Just as ‘intelligence’ was manufactured to support the case for the invasion of Iraq, should we be surprised if the Trump administration with its penchant for ‘alternative facts’ (or what ordinary people call ‘lies’) also resorts to ‘alternative intelligence’ to make the case for attacking Iran, as some former intelligence officials are warning?

Comments

  1. says

    I’d like to say the press would be more skeptical of Trump…but, regarding your previous post about the hopeless media fawning over Trump’s speech on Tuesday, that seems to be wishful thinking on my part. 🙁

  2. Pierce R. Butler says

    The neoconservatives have been pushing for a war with Iran for well over a decade.

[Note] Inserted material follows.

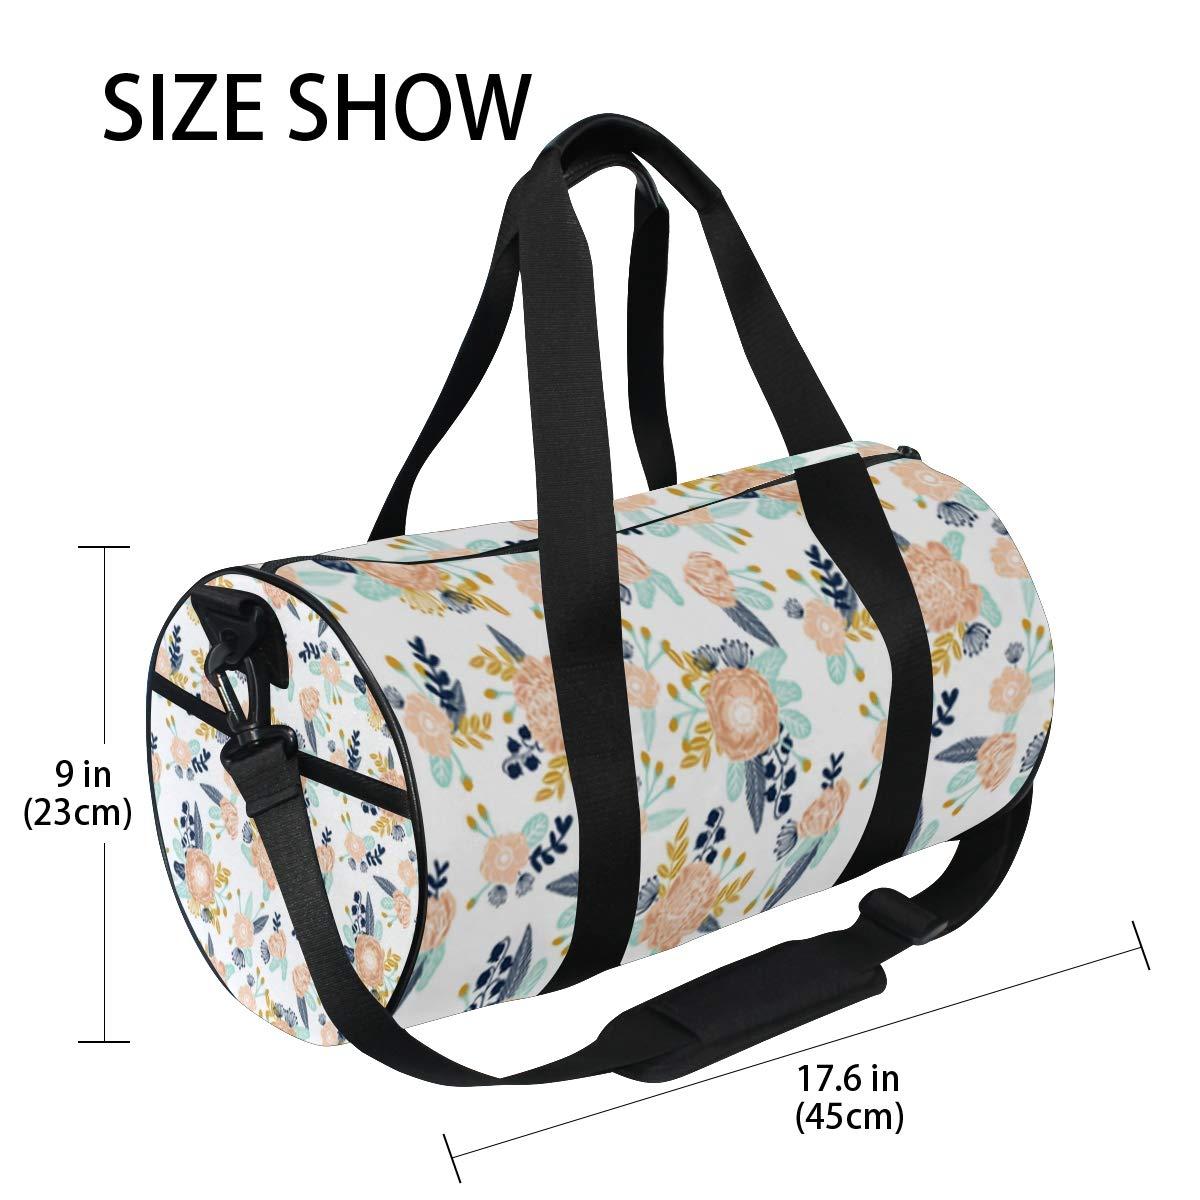 Sports Gym Duffel Barrel Bag Florals Peach Navy Blue Travel Luggage Handbag for Men Women

    Over three and a half decades, practically nonstop since the fall of the Shahanshah.

    Noam Chomsky compares this to the logic of gangsters preferring to “make an example” of someone defying their authority, on the cold calculation that even the short-term loss of, say, a slow-to-pay debtor means less than losing the grip of fear on their turf. Ledeen’s nastiness supports his case perfectly.

  3. KG says

    There is nothing more dangerous than a bully who thinks he is not respected. Such a person will pick a gratuitous fight with a much weaker target just to demonstrate to everyone his strength.

    If that’s the motivation, the target is unlikely to be Iran -- let alone North Korea, with its nukes. Iran is of course much weaker than the USA, but a successful invasion leading to regime change would be considerably harder than in the case of Iraq -- and we know how that turned out -- and would also risk full-scale confrontation with Russia. That’s not to say such an invasion won’t be launched, but the motivation would be full hegemony in the Middle East and seizure of Iran’s oil.

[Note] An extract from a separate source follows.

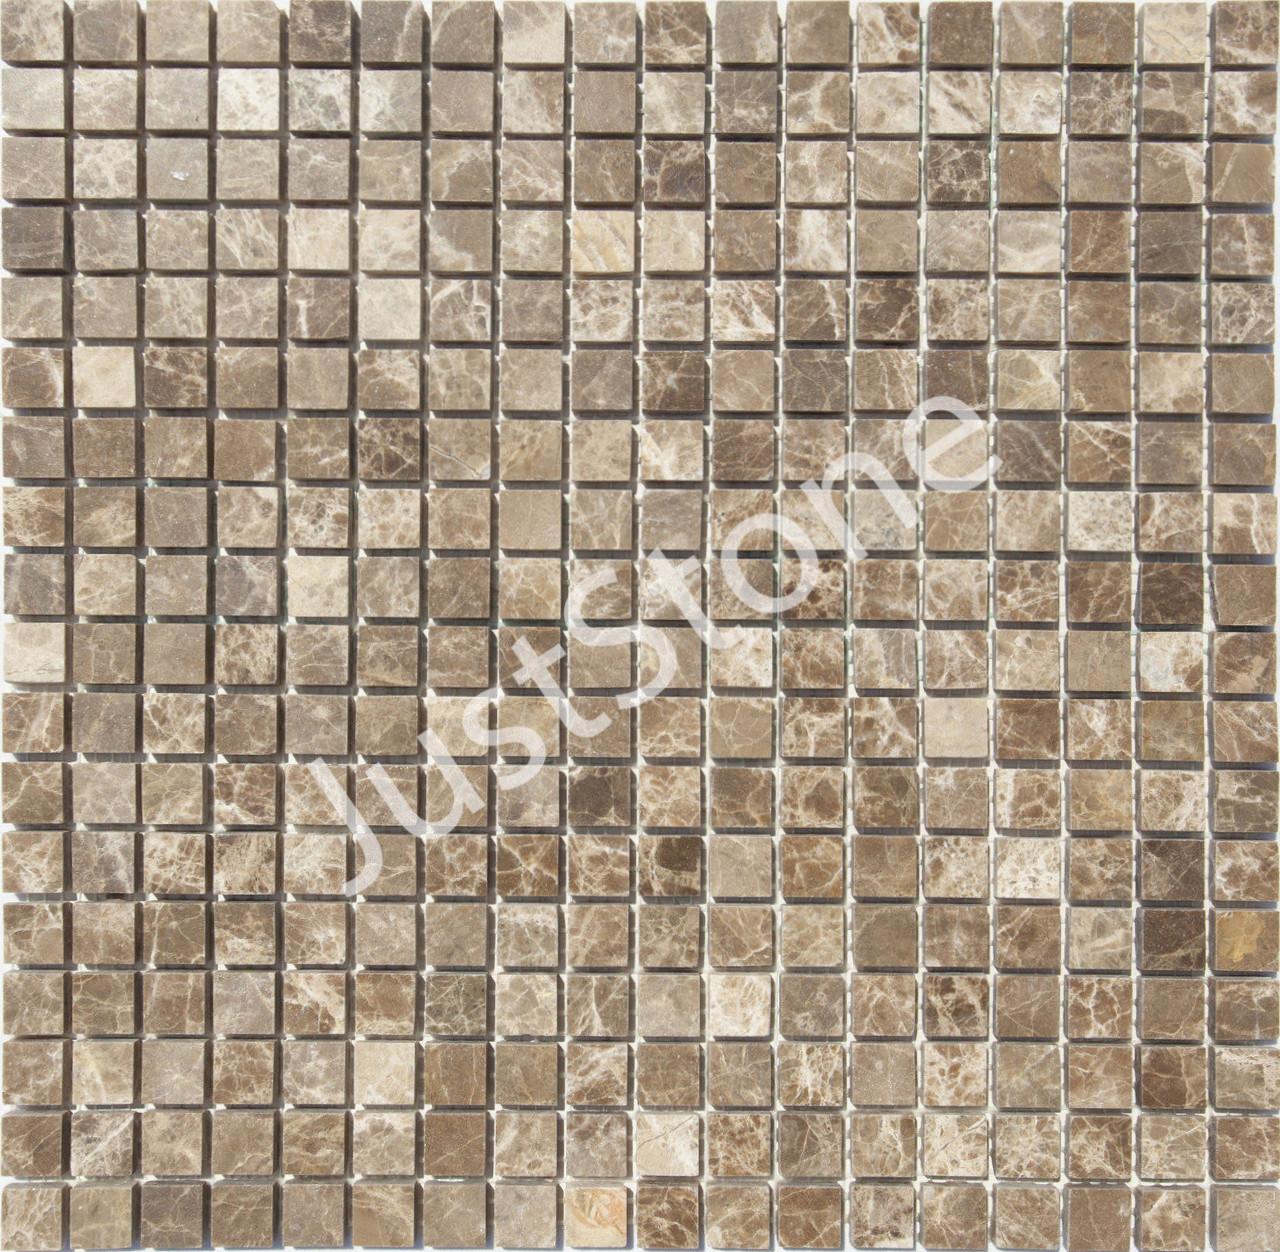 Мраморная Мозаика Полированная МКР-4П (15x15) 6 мм Emperador Dark TR

    A suitable “demonstration” target isn’t easy to think of. Cuba, despite being logistically much easier than Iran, would still be a tough nut to crack, and most of the rest of Latin America is now in the hands of compliant regimes, with Ecuador likely to follow on April 2nd (if, contrary to expectation, that doesn’t happen, it might be a target, but the OAS tends to be sniffy about such overt interference). The same is true of Africa and the Caribbean, the other areas where weak states inhabited by brown people are to be found. Maybe the USA will covertly sponsor some fire-spitting leftist or Islamist to take over Equatorial Guinea, Cape Verde, Barbados or Brunei, just to provide a suitable victim! (Note: I’d like to think that was just a joke, but can we rule it out?)

  4. Smokey says

    We’ll see nukes within the next 4 years, I guarantee it. And right now, I’m not sure I care. There are times when something is beyond salvage. I’m honestly starting to see the US as a cancer on humanity.

  5. colinday says

    Don’t forget that Grenada was launched two days after the Beirut attack. The timing might not have been intentional, but it was suspicious.